GOAL OF THE EXERCISE:
Please copy, exactly as they appear below, the lines from the one containing "NIB Men's Nike" through the one containing "shaking hands over real estate deal".

DATA EXTRACT:
»»

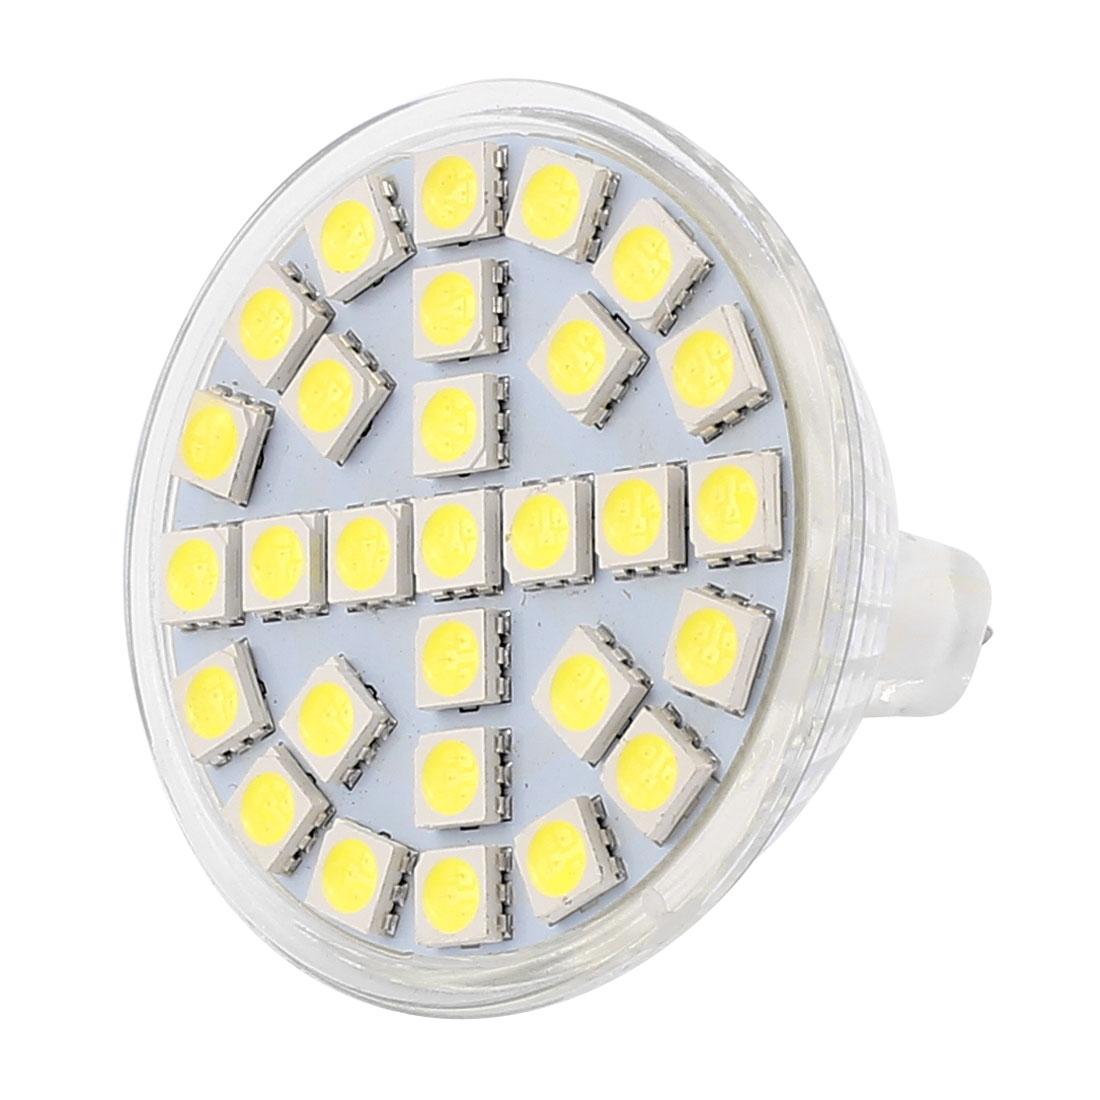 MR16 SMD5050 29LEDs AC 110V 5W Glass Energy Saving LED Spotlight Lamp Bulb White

««
»»

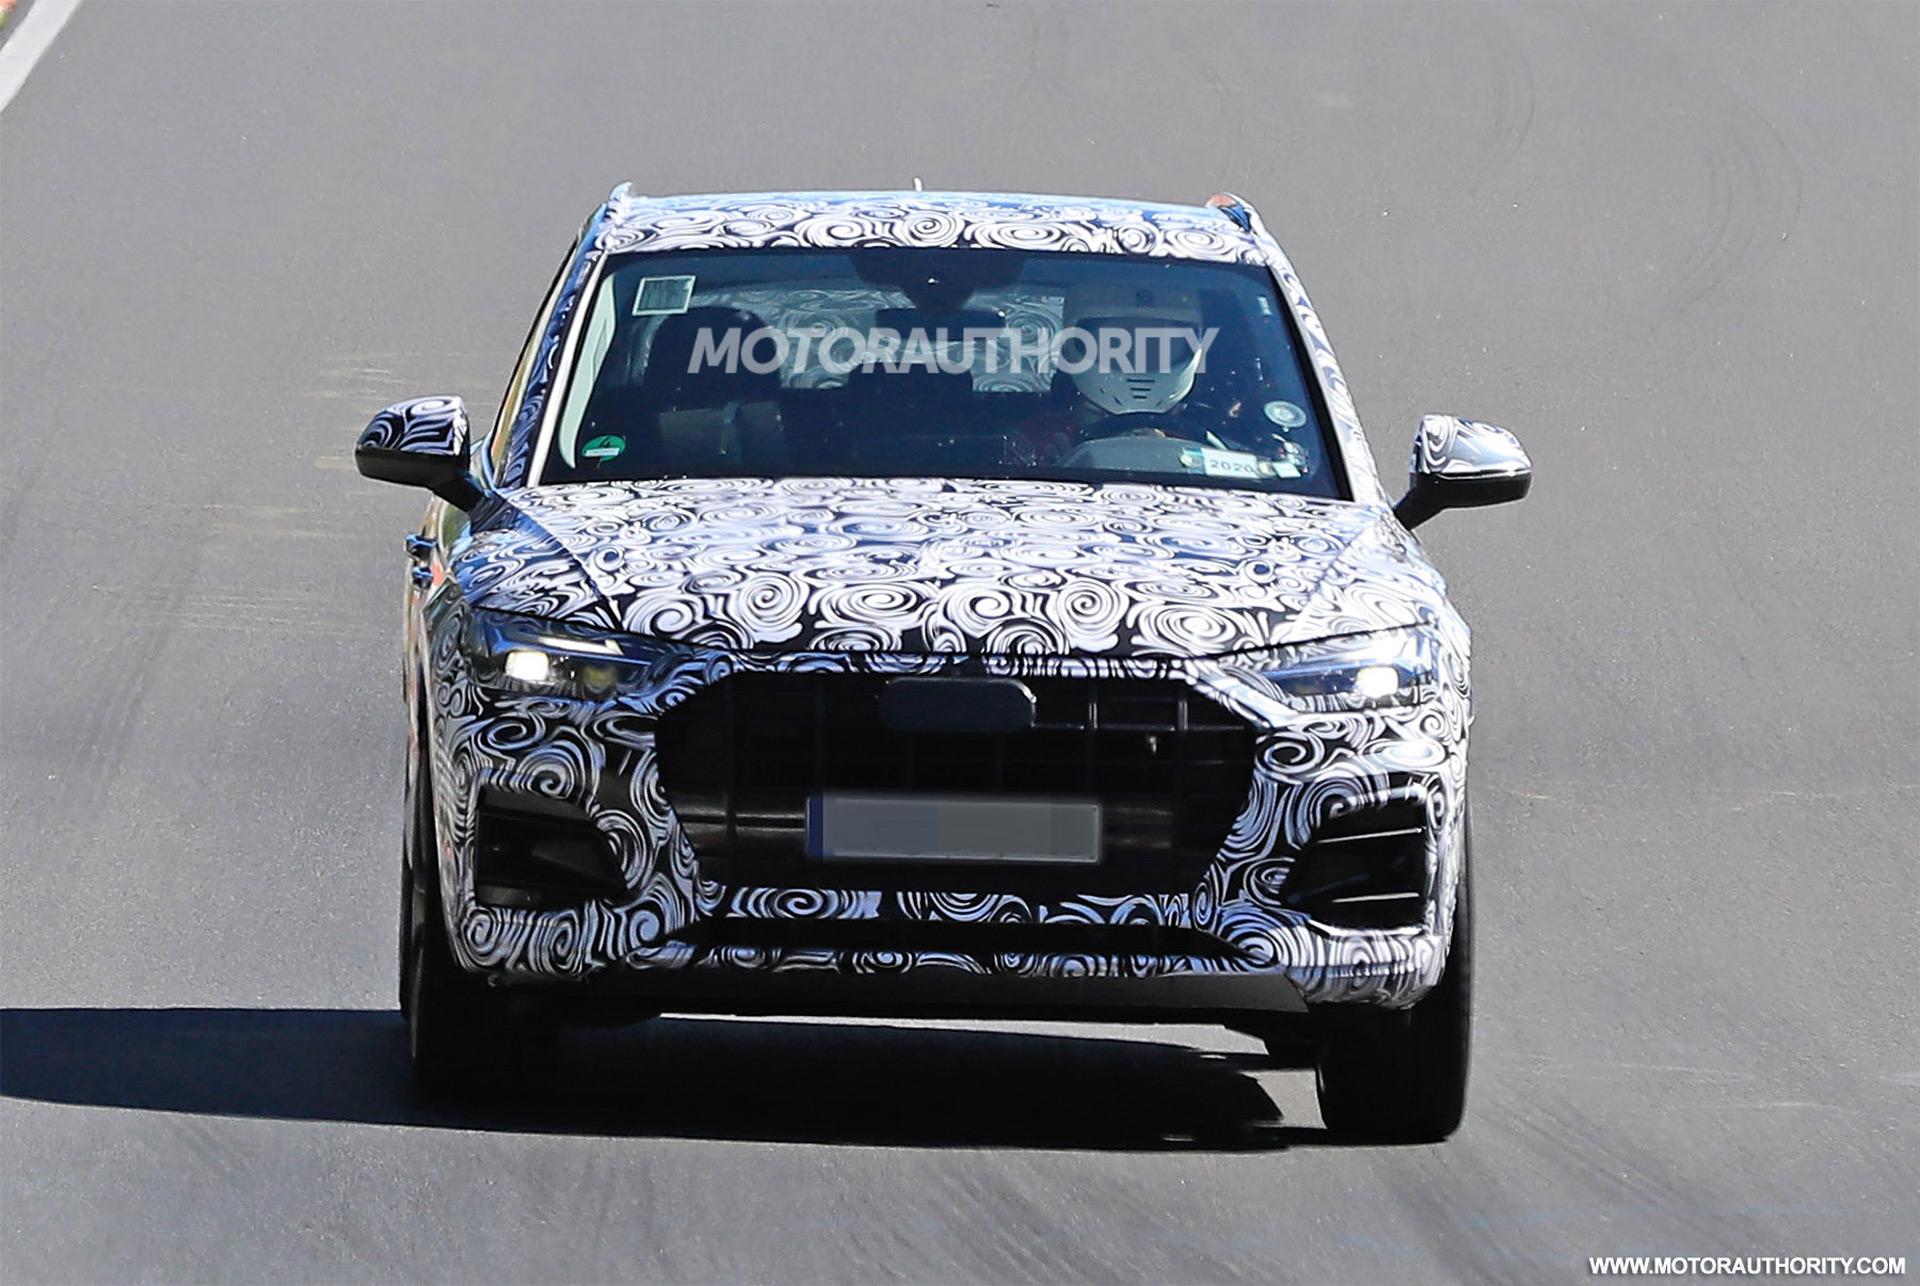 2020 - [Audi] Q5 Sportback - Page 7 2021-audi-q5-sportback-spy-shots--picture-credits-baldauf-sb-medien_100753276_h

««
»»

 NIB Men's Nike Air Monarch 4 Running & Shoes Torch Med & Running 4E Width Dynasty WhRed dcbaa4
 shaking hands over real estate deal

««

ANSWER SECTION:
 NIB Men's Nike Air Monarch 4 Running & Shoes Torch Med & Running 4E Width Dynasty WhRed dcbaa4
 shaking hands over real estate deal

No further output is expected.